Sometimes, it may be difficult to compare the endoscopic view to the corresponding region of interest on the specimen. This problem can be easily solved by pressing two surface marks with an argon-plasma-coagulation (APC) probe at both sides of the region of interest, making it more visible for the pathologist. Furthermore, an APC mark can be placed at the proximal end of the lesion, which helps orientate the specimen after en bloc resection.
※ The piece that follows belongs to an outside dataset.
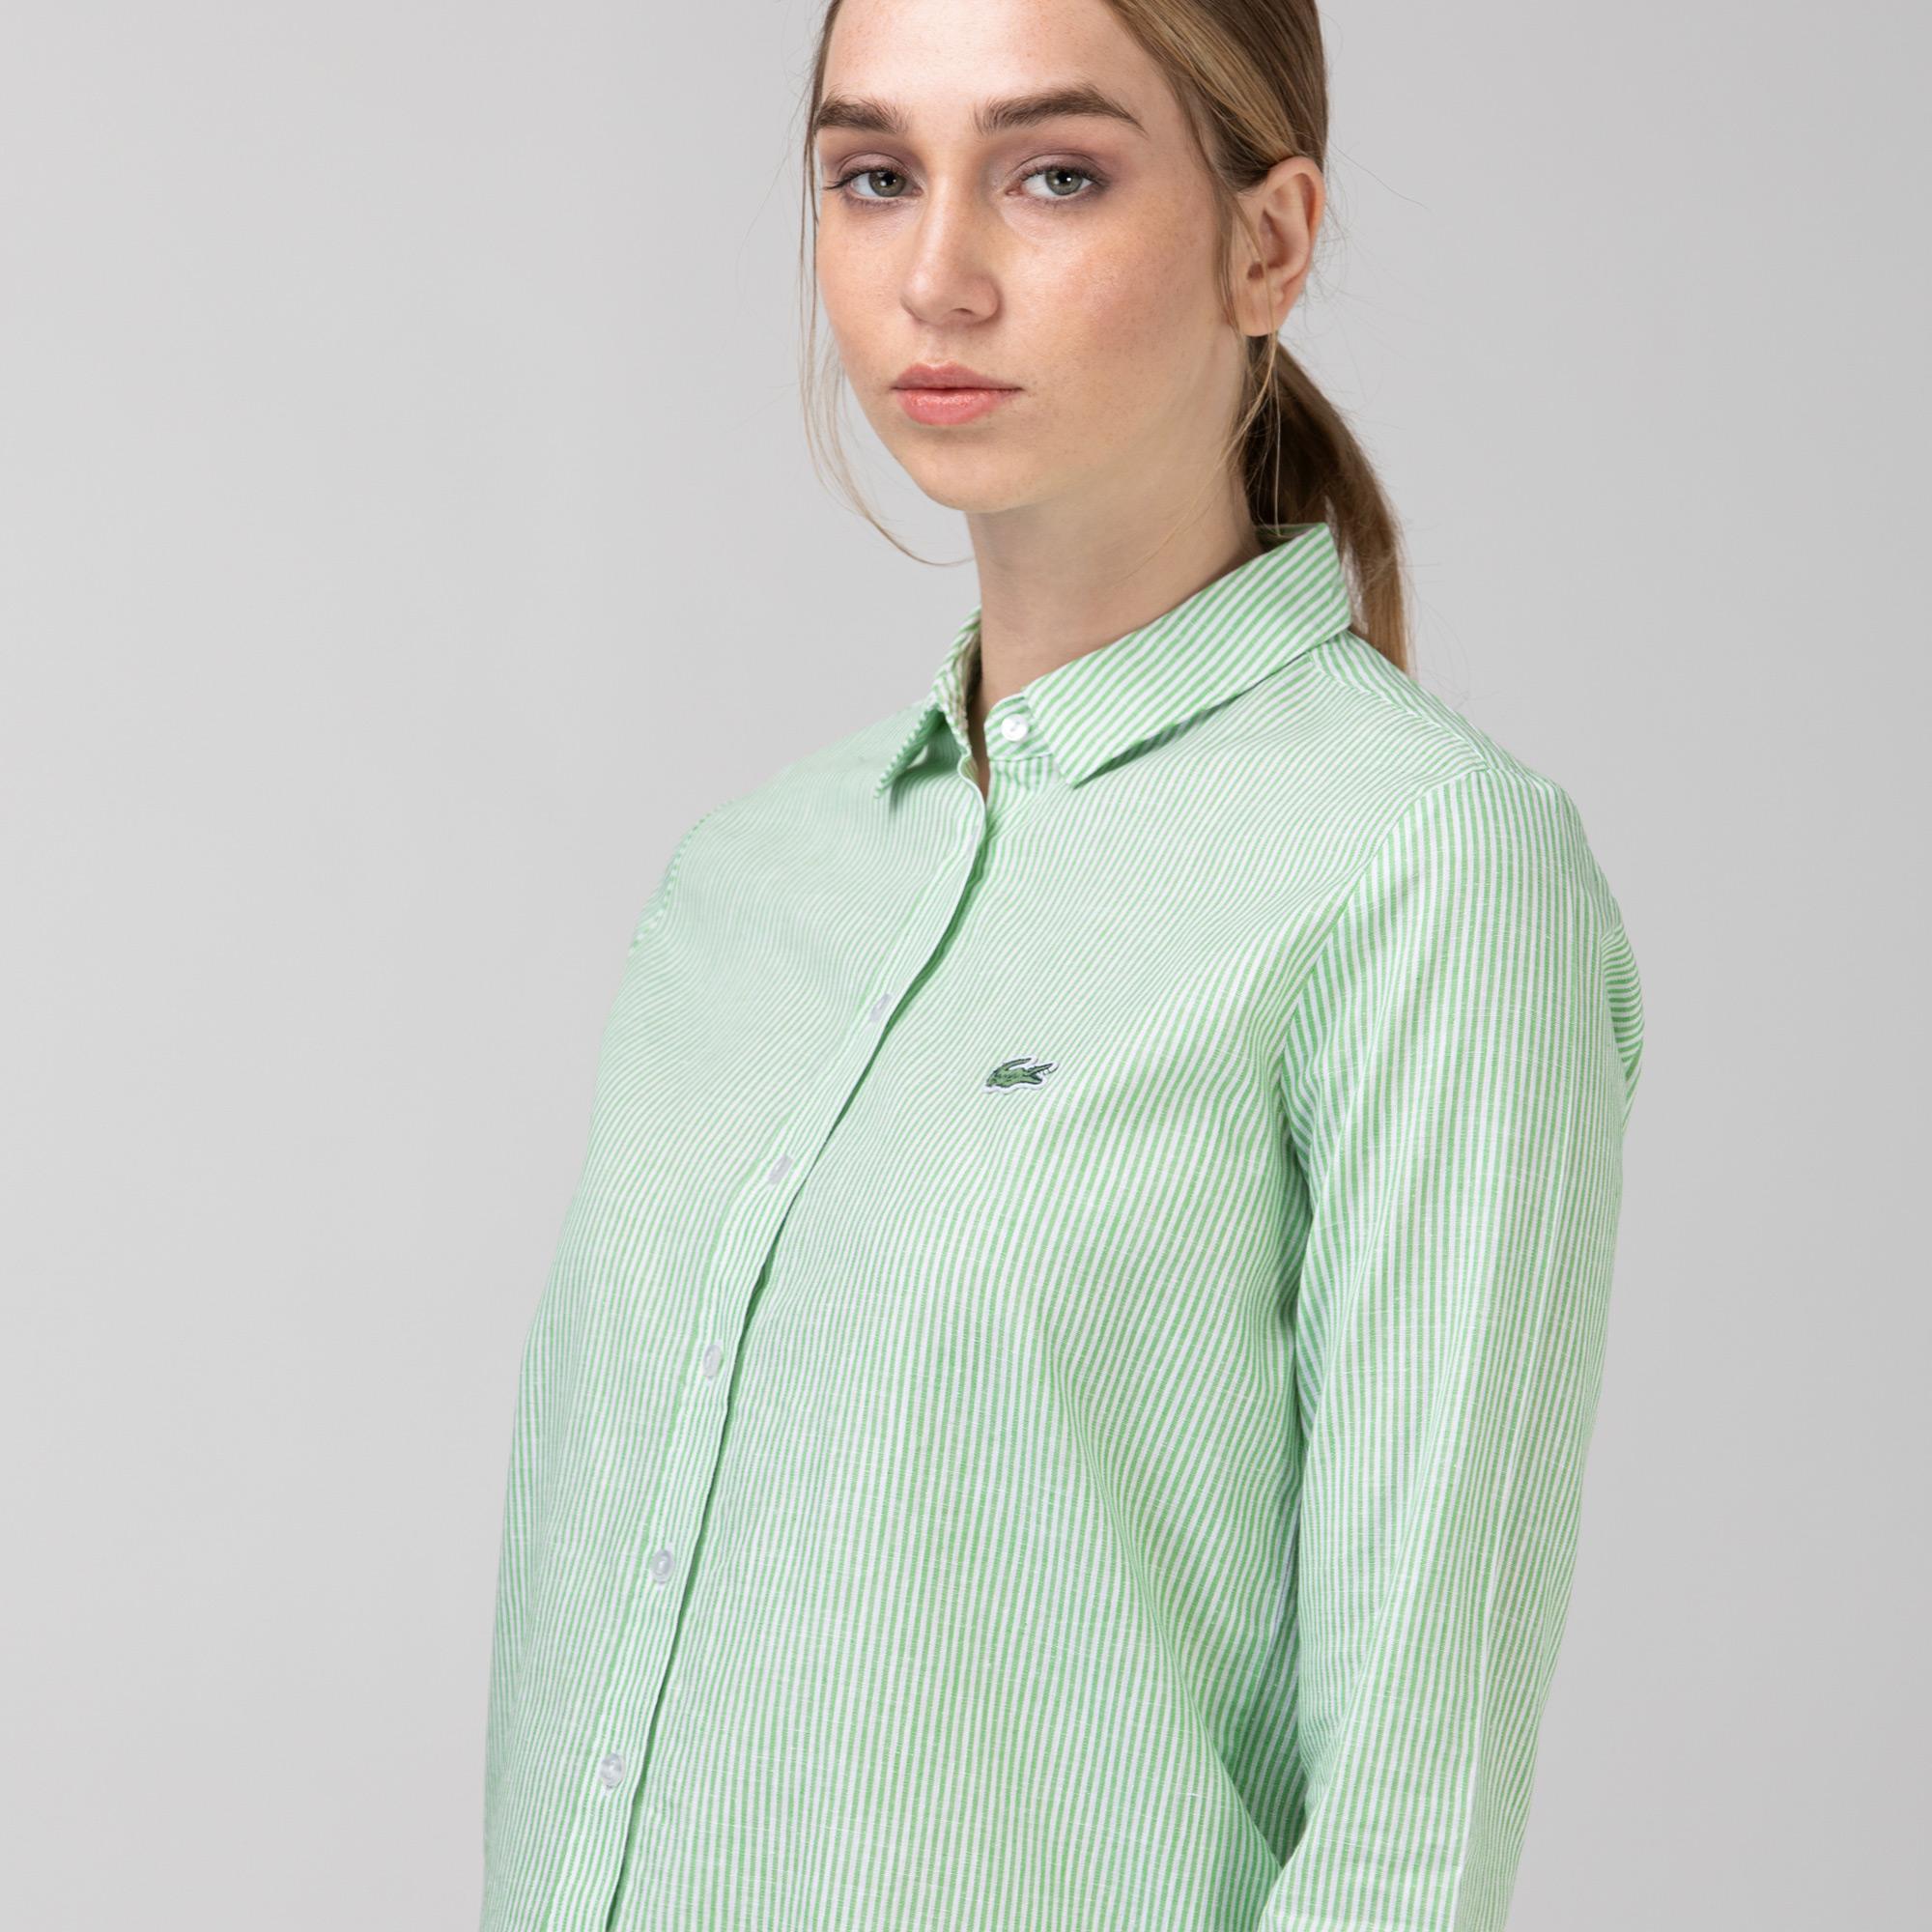 Lacoste Kadın Çizgili Yeşil Gömlek. 4

Mapping of ESD specimens is not yet common practice in the West [8]. Detailed mapping of specimens demonstrated in this paper goes further than the pathologic workup described by Kumarasinghe et al [9] in which a standardized protocol for handling, grossing, and assessing specimens was proposed. However, it does not include the detailed mapping demonstrated in our paper. Although the advantages of this mapping process are obvious, one limitation may be time constraints for endoscopists and pathologists, which could hinder its implementation in daily routine practice. Also, it involves a close discussion between the pathologist and the endoscopist, which may not always be possible or practical in a daily routine. A compromise for the European setting could be to reduce the mapping and reconstruction only to those regions of interest that were particularly conspicuous during endoscopic evaluation or at least to those regions that had a cancerous histopathology.
Conclusion
If performed routinely, mapping could improve the diagnostic ability of endoscopists because all macroscopic details can be correlated to their histology [8]. Large ESD specimens may have only a small region of cancer or even multifocal regions of cancer, such as in Barrett’s specimens, which may not be identified during endoscopy. After mapping, these regions can be correlated not only onto the image of the specimen but also onto the original endoscopic image. This correlation will educate and train endoscopists, and could lead to better pretherapeutic evaluation of lesions prior to endoscopic resection.